150 yd east of the Big Fill, the Union Pacific line was also attempting to cross the same ravine. The Union Pacific was several months behind Central Pacific, and opted to build a wooden trestle instead of using an earthen fill, starting on March 28. The Big Trestle was built in 36 days and was completed on May 5, only 5 days before the golden spike ceremony at Promontory Summit.
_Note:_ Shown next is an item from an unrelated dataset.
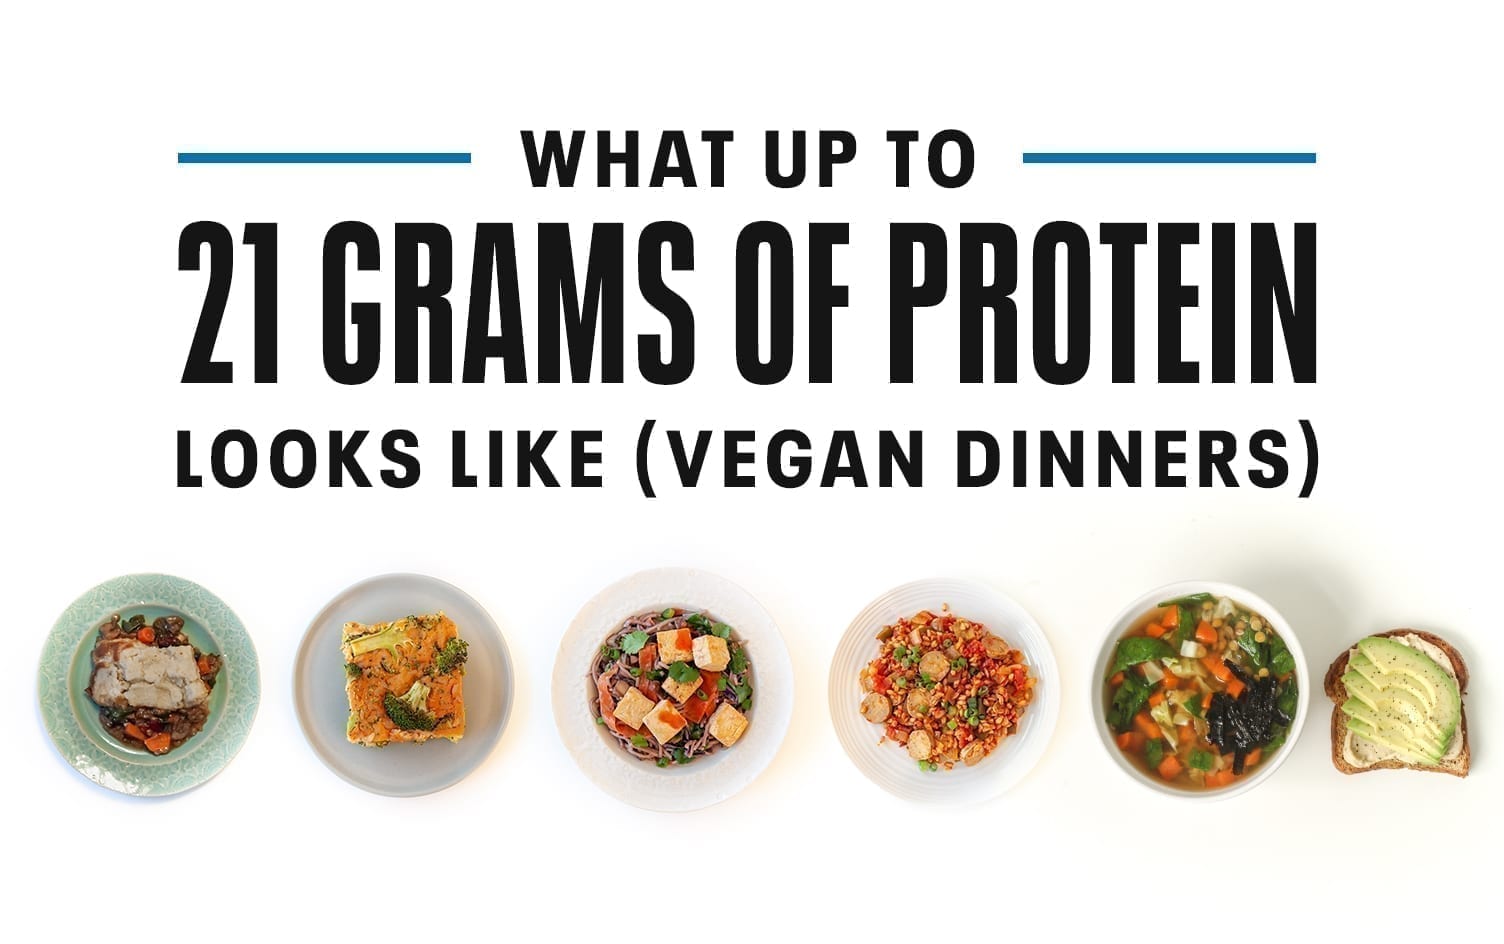 What up to 21 Grams of Protein Looks Like (Vegan Dinners)

The Big Trestle, intended to serve as a temporary measure until a permanent fill could be constructed, was 400 ft long and 80 to 85 ft high.

Since Union Pacific were responsible for the transcontinental route east of Promontory, the track was laid across the Big Trestle. However, shortly after completion, the trestle was faulted as weak; in addition, there was a grade across the trestle and a curve at one end.

===Line moved===
Because Congress had fixed the point of junction as Ogden, not Promontory, controversy over the control of the segment between Promontory and Ogden ensued, but the two companies eventually came to an agreement to move the junction to Ogden, with Central Pacific compensating Union Pacific for the cost of construction materials and labor. Six months after the completion ceremony, Central Pacific was awarded control of that segment. They opted to move the rail line from the poor-quality Big Trestle to the Big Fill, where it remained in use until the rails were removed in 1942, although main line traffic was moved off the Promontory route in 1903 with the completion of the Lucin Cutoff.

Today both sites are part of the Golden Spike National Historic Site; a walking trail from the East Grade Auto Tour takes tourists to view the Big Fill and the remains of the Big Trestle.